Asset-based approaches
Completed Project
Communities
Mar 2011 - Dec 2017
Asset-based approaches emphasise the need to redress the balance between meeting needs and nurturing the strengths and resources of people and communities. They are ways of valuing and building on the strengths, successes and skills of individual and communities. Around 2010, asset-based working was coming into sharper focus as being potentially important in improving health and in reducing health inequalities.
Developing the evidence base
To provide support to the development of the evidence base we published a suite of briefing papers that: synthesised the evidence on asset-based approaches for health improvement at that time; explored a range of methods and techniques that could be used to identify and mobilise individual and community level assets; discussed what asset-based working may add to the way that health and care services are delivered.

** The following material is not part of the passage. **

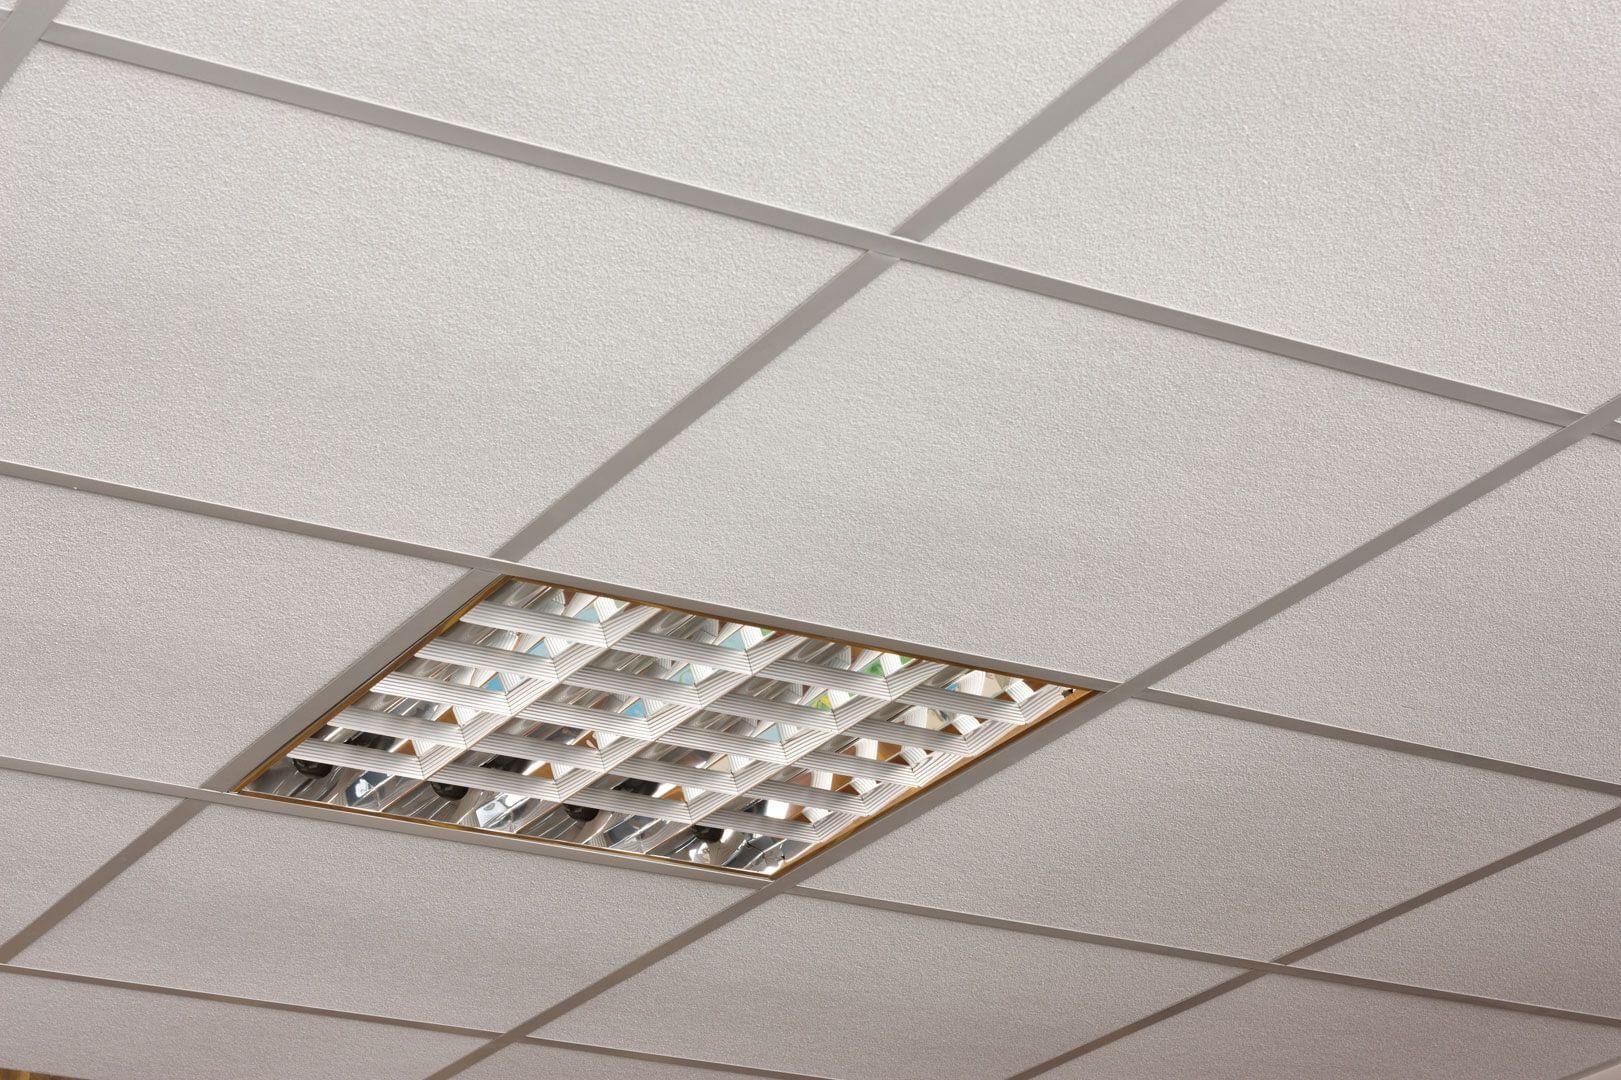 Imperial Ceiling Tile Sizes Httpcreativechairsandtables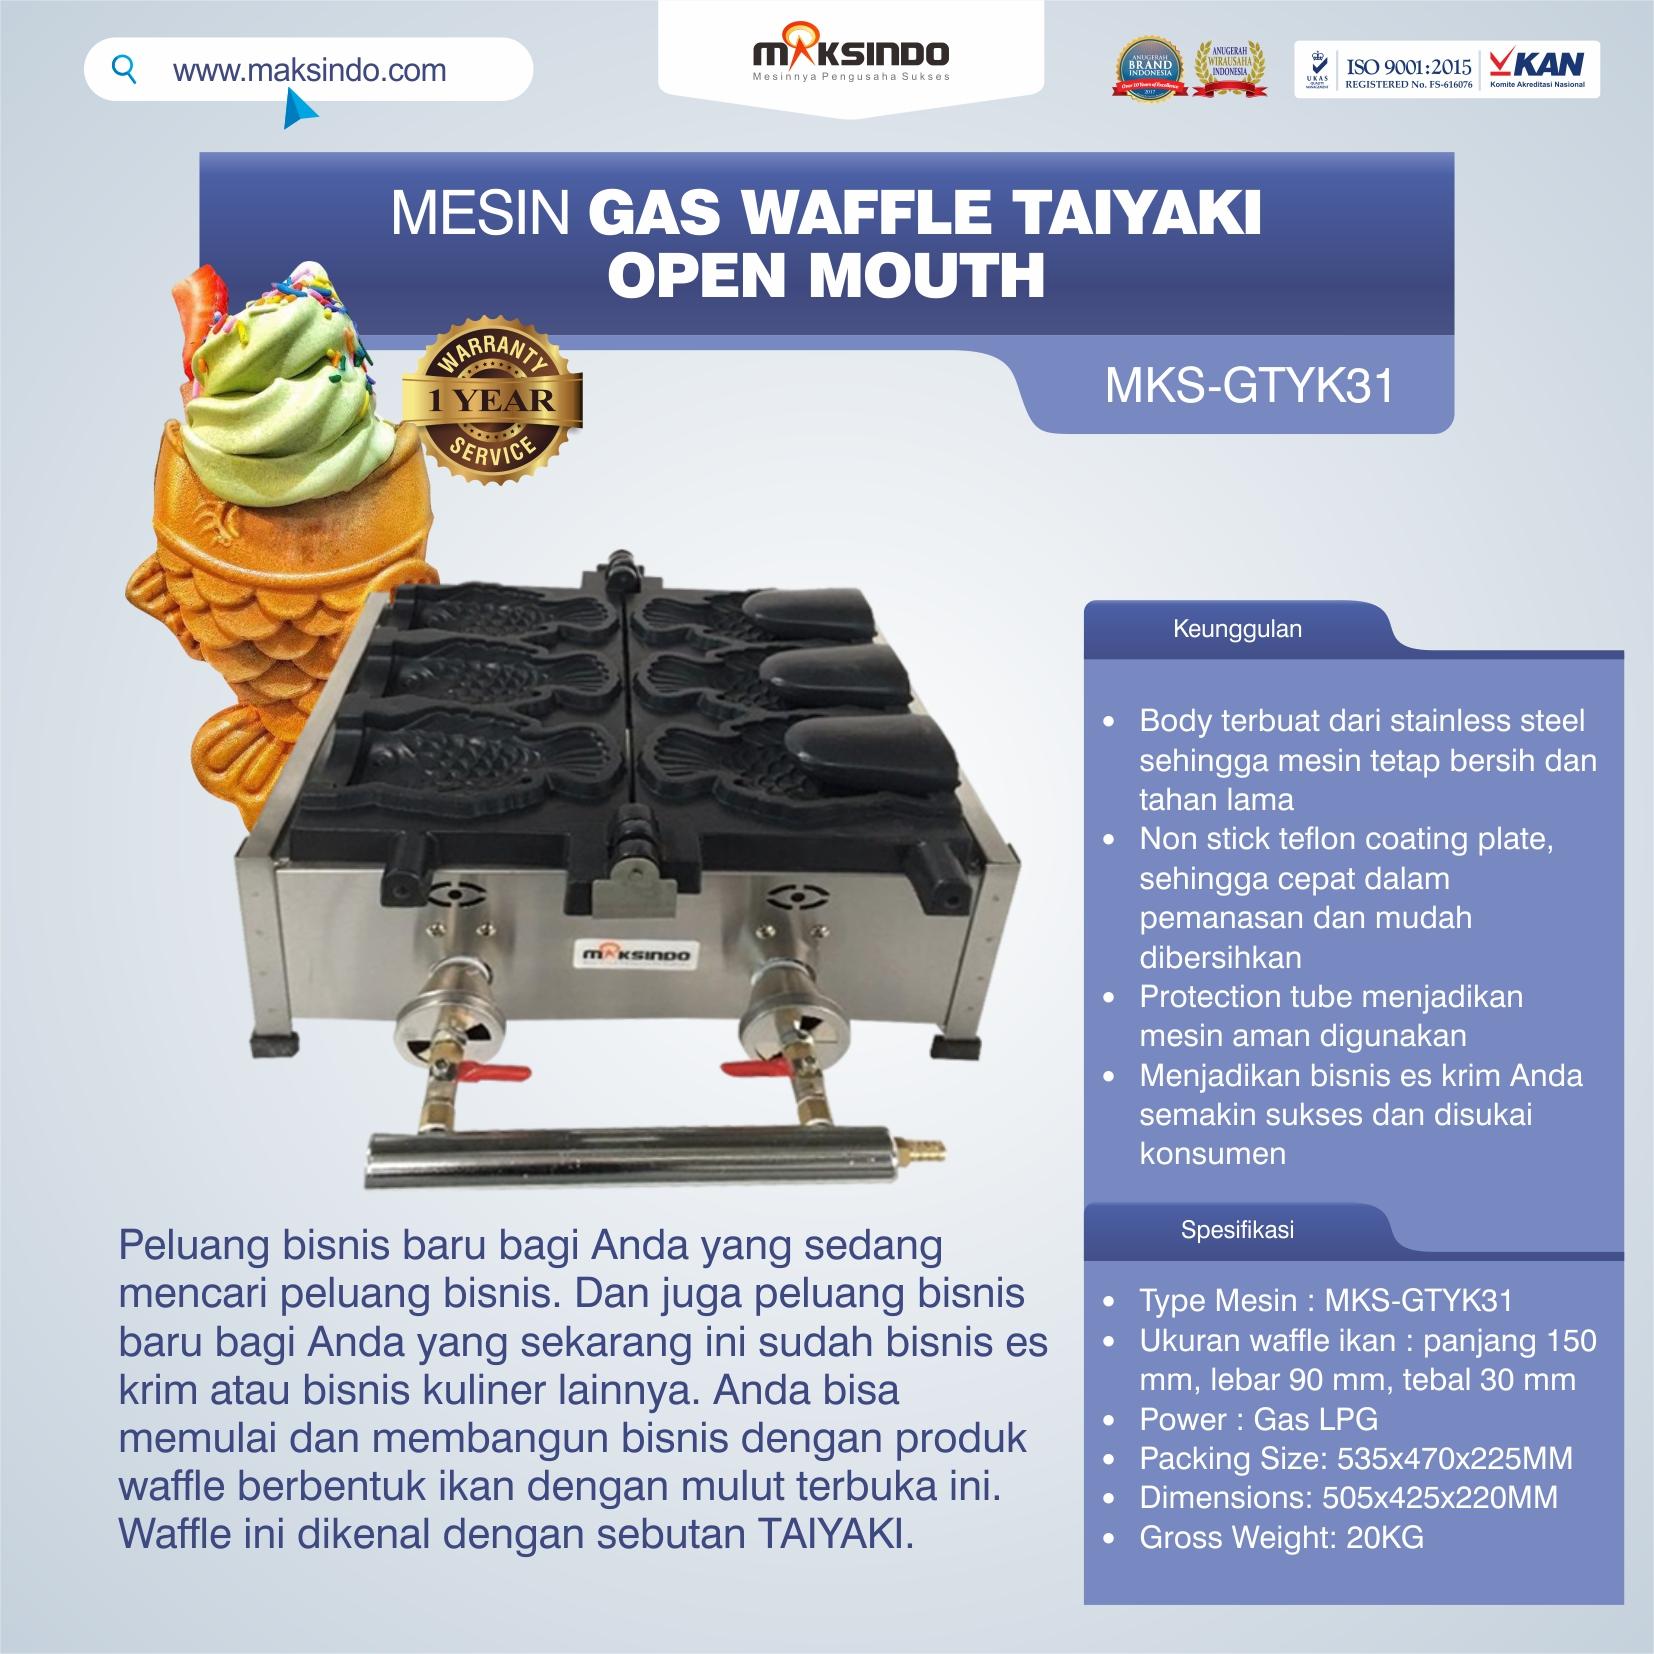 Jual Mesin Gas Waffle Taiyaki Open Mouth (GTYK31) di Semarang

Asset-based approaches in community settings
Alongside the briefing papers, and to illustrate asset-based approaches for health improvement in action, in 2012 we published Assets in Action: Illustrating asset-based approaches for health improvement. This research profiled the work of 19 community-based projects with the aim of illustrating how asset-based approaches were currently being applied in Scotland in community settings. The case studies within the report highlight the key characteristics of asset-based working and demonstrate the strengths and challenges of the approach for individuals, the wider community and project staff.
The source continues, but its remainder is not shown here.